+ memcg-use-new-logic-for-page-stat-accounting.patch added to -mm tree

[Date Prev][Date Next][Thread Prev][Thread Next][Date Index][Thread Index]

 



The patch titled
     Subject: memcg: use new logic for page stat accounting
has been added to the -mm tree.  Its filename is
     memcg-use-new-logic-for-page-stat-accounting.patch

Before you just go and hit "reply", please:
   a) Consider who else should be cc'ed
   b) Prefer to cc a suitable mailing list as well
   c) Ideally: find the original patch on the mailing list and do a
      reply-to-all to that, adding suitable additional cc's

*** Remember to use Documentation/SubmitChecklist when testing your code ***

The -mm tree is included into linux-next and is updated
there every 3-4 working days

------------------------------------------------------
From: KAMEZAWA Hiroyuki <kamezawa.hiroyu@xxxxxxxxxxxxxx>
Subject: memcg: use new logic for page stat accounting

Now, page-stat-per-memcg is recorded into per page_cgroup flag by
duplicating page's status into the flag.  The reason is that memcg has a
feature to move a page from a group to another group and we have race
between "move" and "page stat accounting",

Under current logic, assume CPU-A and CPU-B.  CPU-A does "move" and CPU-B
does "page stat accounting".

When CPU-A goes 1st,

            CPU-A                           CPU-B
                                    update "struct page" info.
    move_lock_mem_cgroup(memcg)
    see pc->flags
    copy page stat to new group
    overwrite pc->mem_cgroup.
    move_unlock_mem_cgroup(memcg)
                                    move_lock_mem_cgroup(mem)
                                    set pc->flags
                                    update page stat accounting
                                    move_unlock_mem_cgroup(mem)

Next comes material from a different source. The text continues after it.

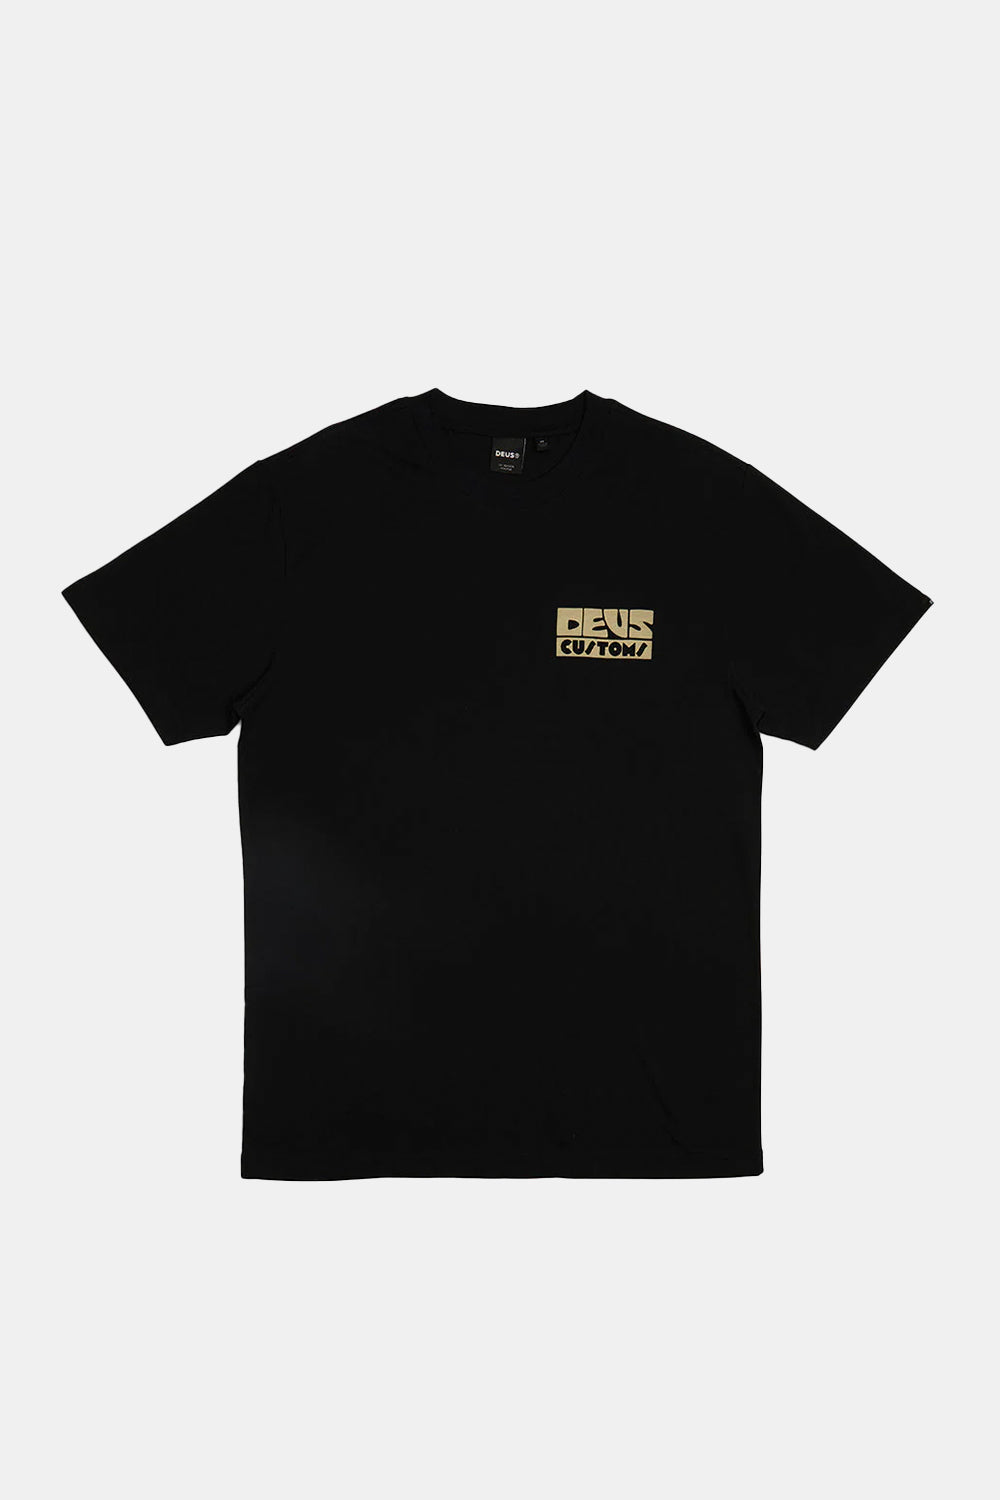 Deus Pushstart T-shirt (Black)

stat accounting is guarded by move_lock_mem_cgroup() and "move" logic
(CPU-A) doesn't see changes in "struct page" information.

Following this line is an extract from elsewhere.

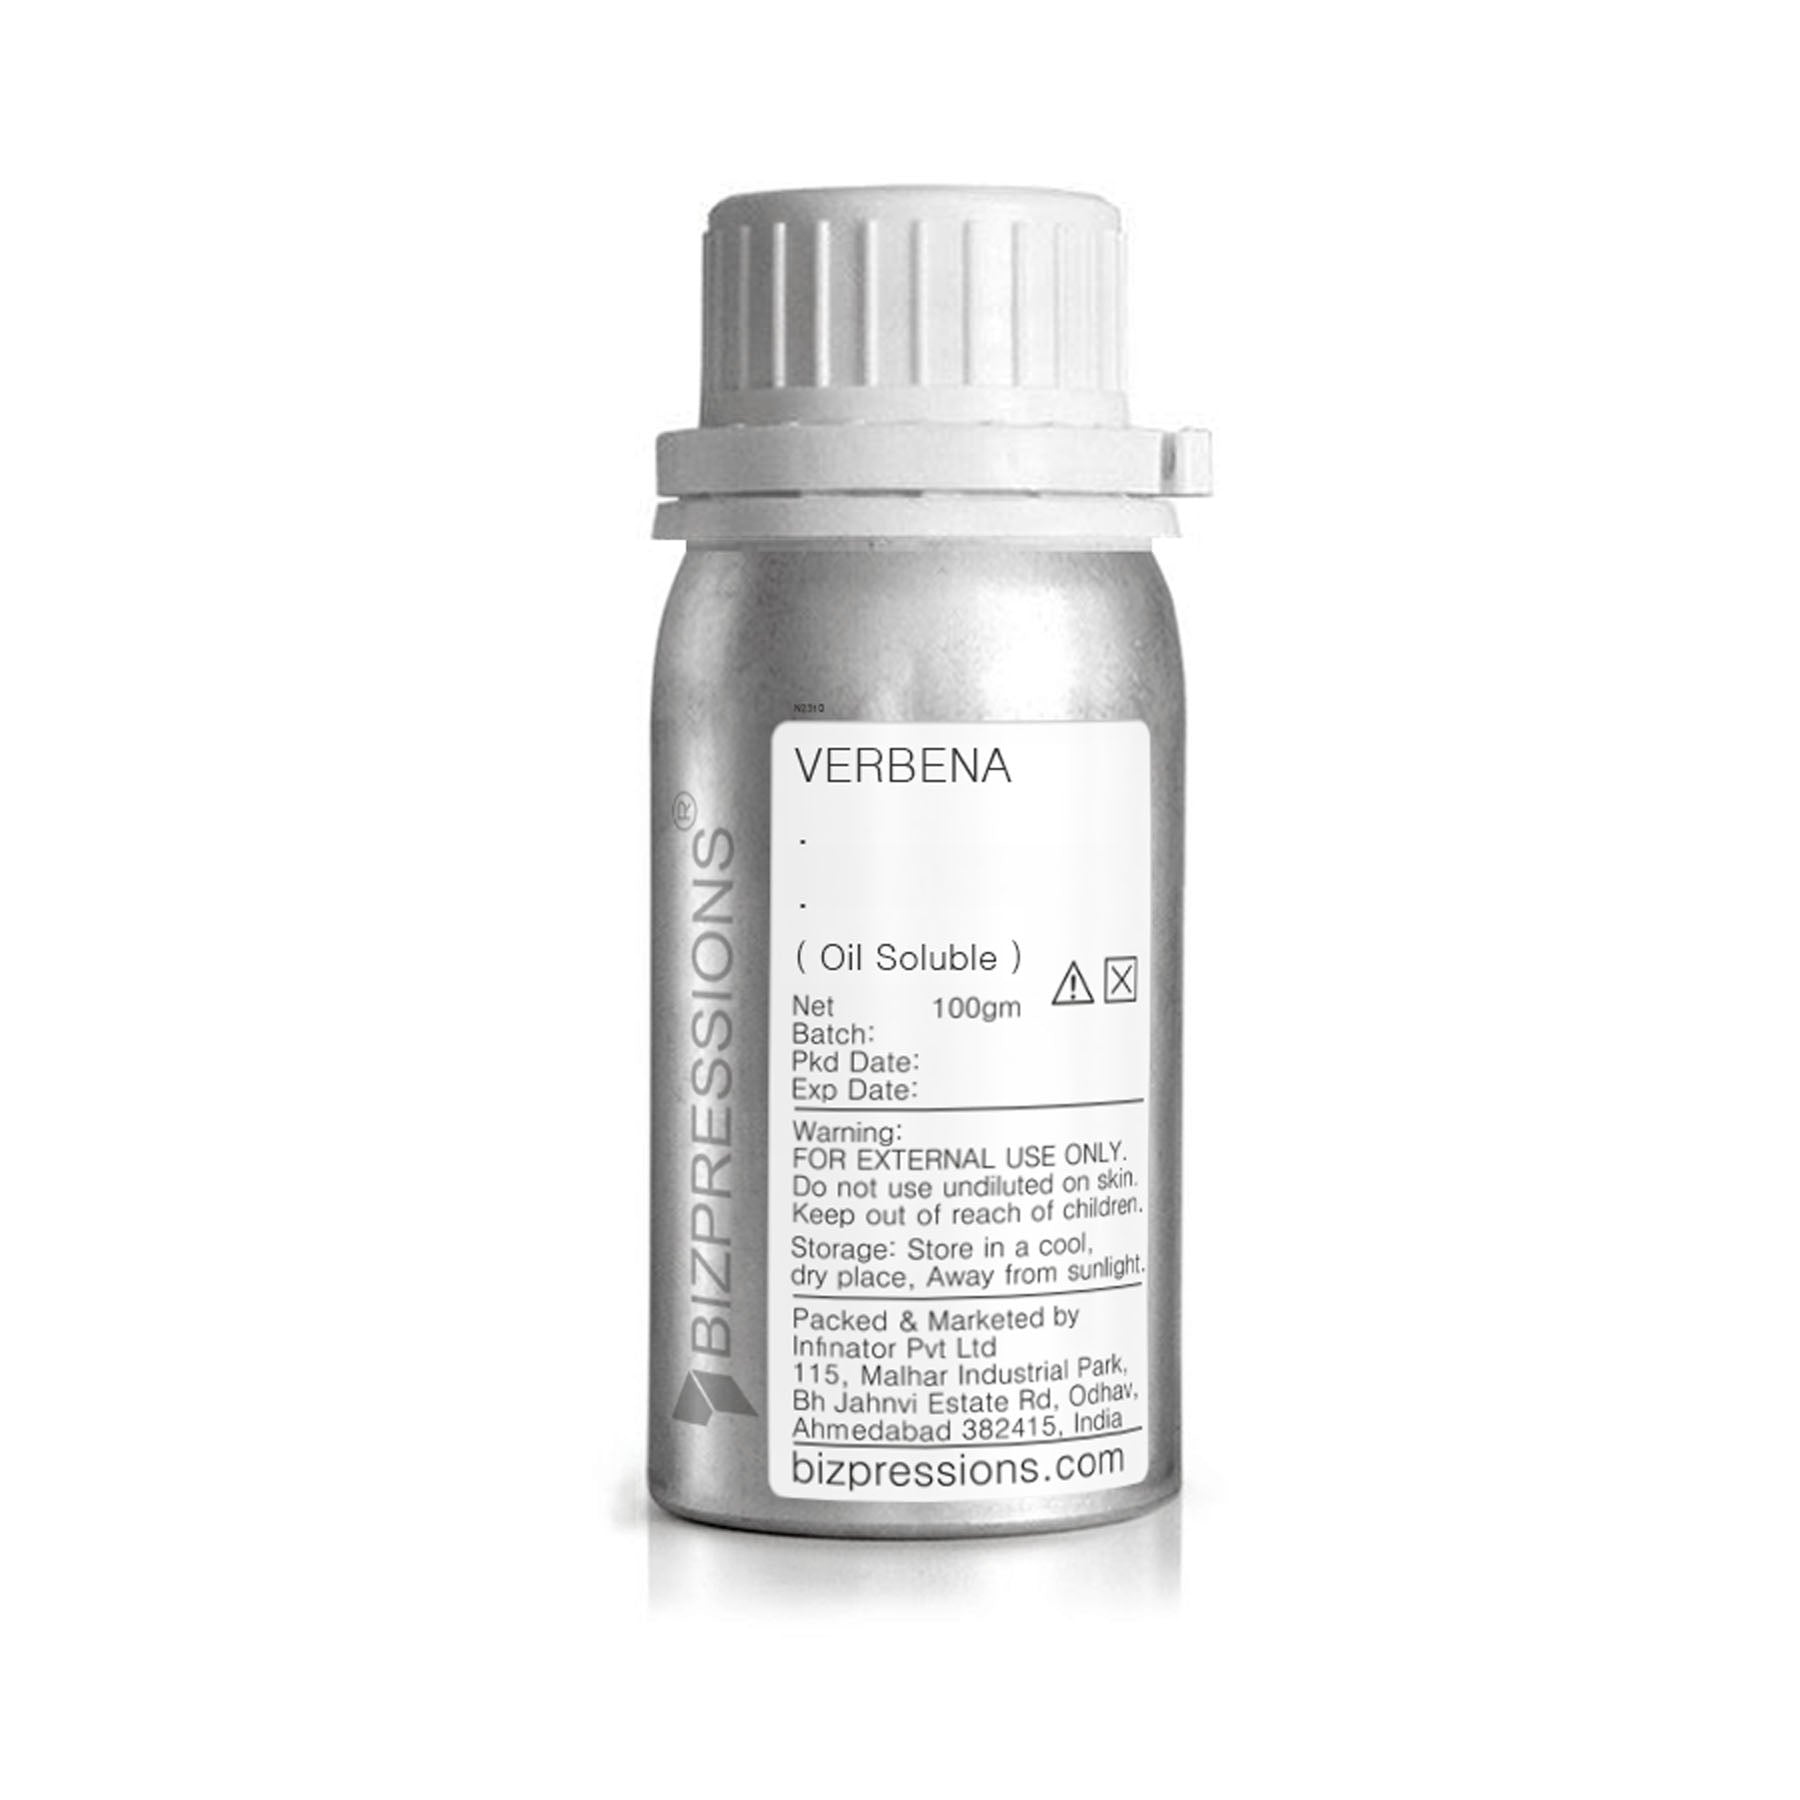 VERBENA - Fragrance ( Oil Soluble ) - 100 gm

But it's costly to have the same information both in 'struct page' and
'struct page_cgroup'.  And, there is a potential problem.

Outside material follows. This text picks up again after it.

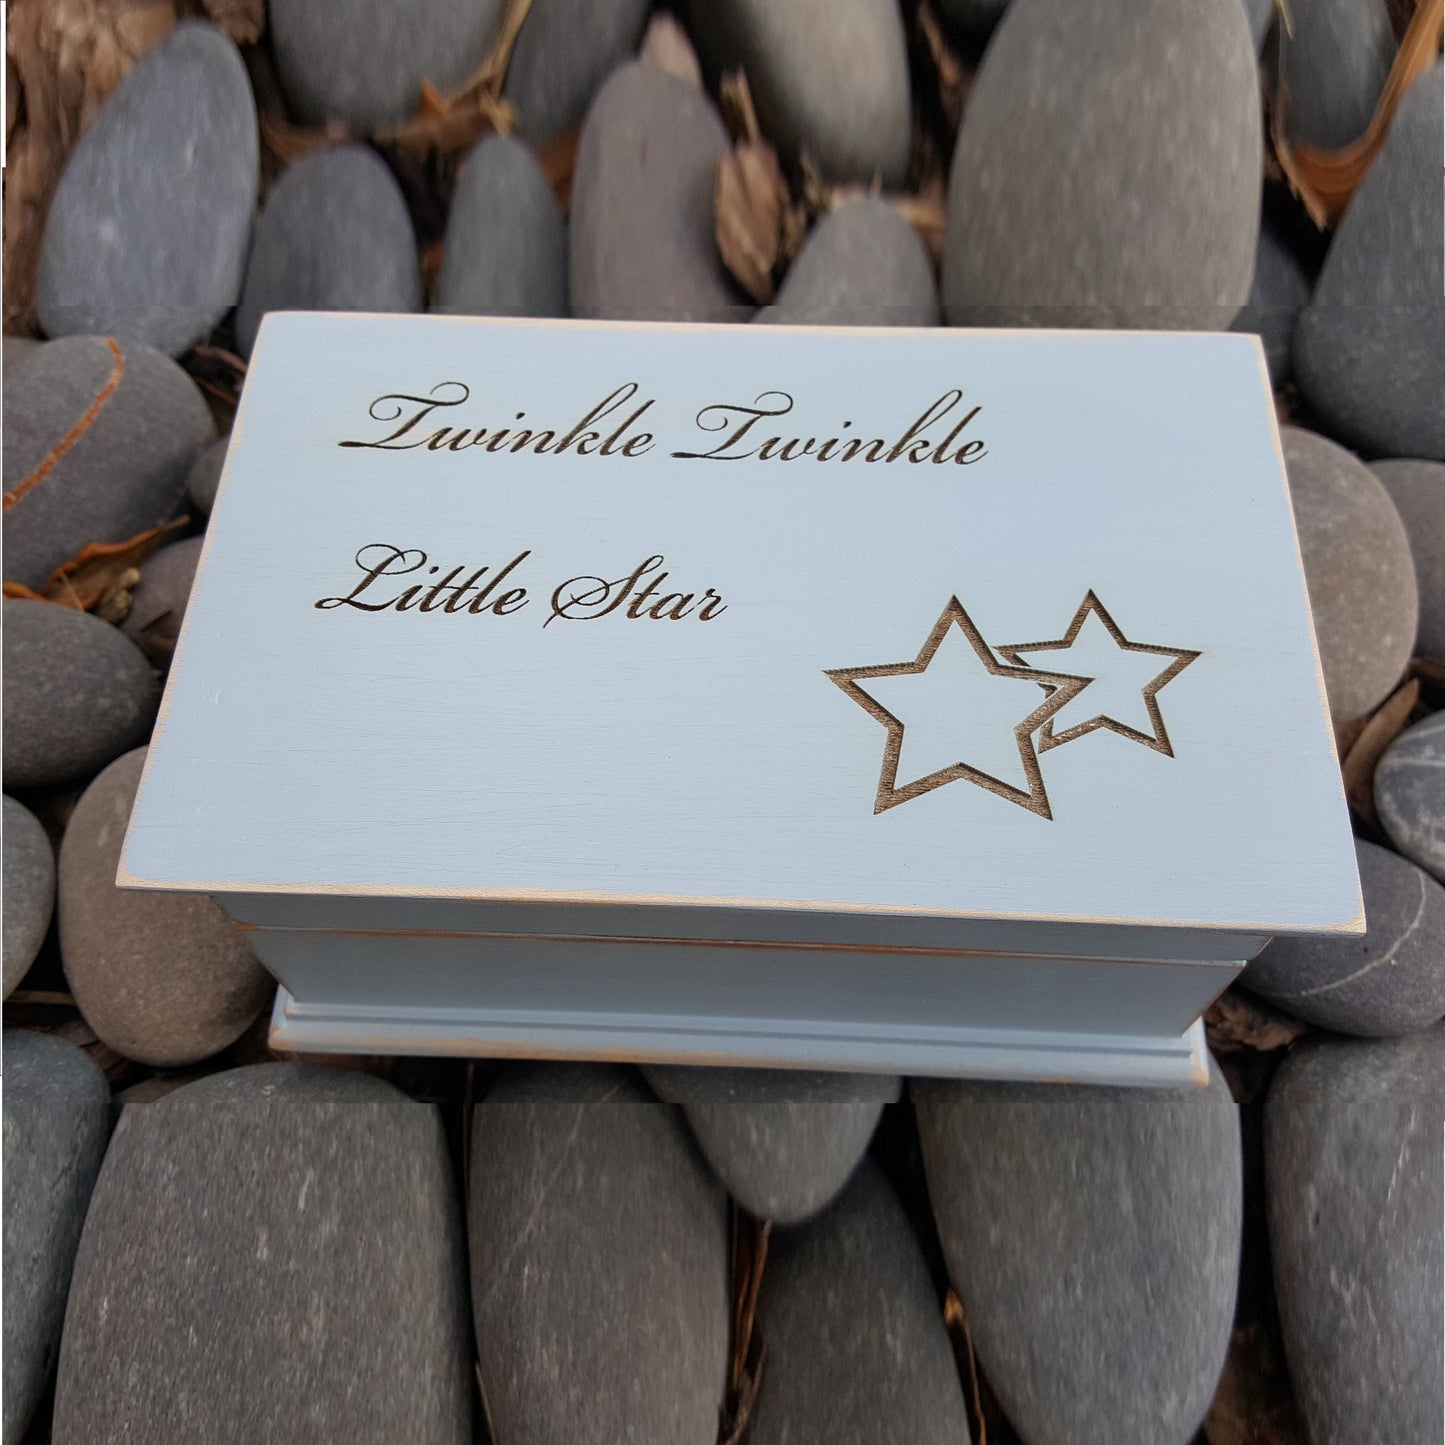 Twinkle Twinkle Little Star Engraved wooden jewelry box in light blue

For example, assume we have PG_dirty accounting in memcg.
PG_..is a flag for struct page.
PCG_ is a flag for struct page_cgroup.
(This is just an example. The same problem can be found in any
 kind of page stat accounting.)

	  CPU-A                               CPU-B
      TestSet PG_dirty
      (delay)                        TestClear PG_dirty
                                     if (TestClear(PCG_dirty))
                                          memcg->nr_dirty--
      if (TestSet(PCG_dirty))
          memcg->nr_dirty++

Here, memcg->nr_dirty = +1, this is wrong.  This race was reported by Greg
Thelen <gthelen@xxxxxxxxxx>.  Now, only FILE_MAPPED is supported but
fortunately, it's serialized by page table lock and this is not real bug,
_now_,

If this potential problem is caused by having duplicated information in
struct page and struct page_cgroup, we may be able to fix this by using
original 'struct page' information.  But we'll have a problem in "move
account"

Assume we use only PG_dirty.

         CPU-A                   CPU-B
    TestSet PG_dirty
    (delay)                    move_lock_mem_cgroup()
                               if (PageDirty(page))
                                      new_memcg->nr_dirty++
                               pc->mem_cgroup = new_memcg;
                               move_unlock_mem_cgroup()
    move_lock_mem_cgroup()
    memcg = pc->mem_cgroup
    new_memcg->nr_dirty++

accounting information may be double-counted.  This was original reason to
have PCG_xxx flags but it seems PCG_xxx has another problem.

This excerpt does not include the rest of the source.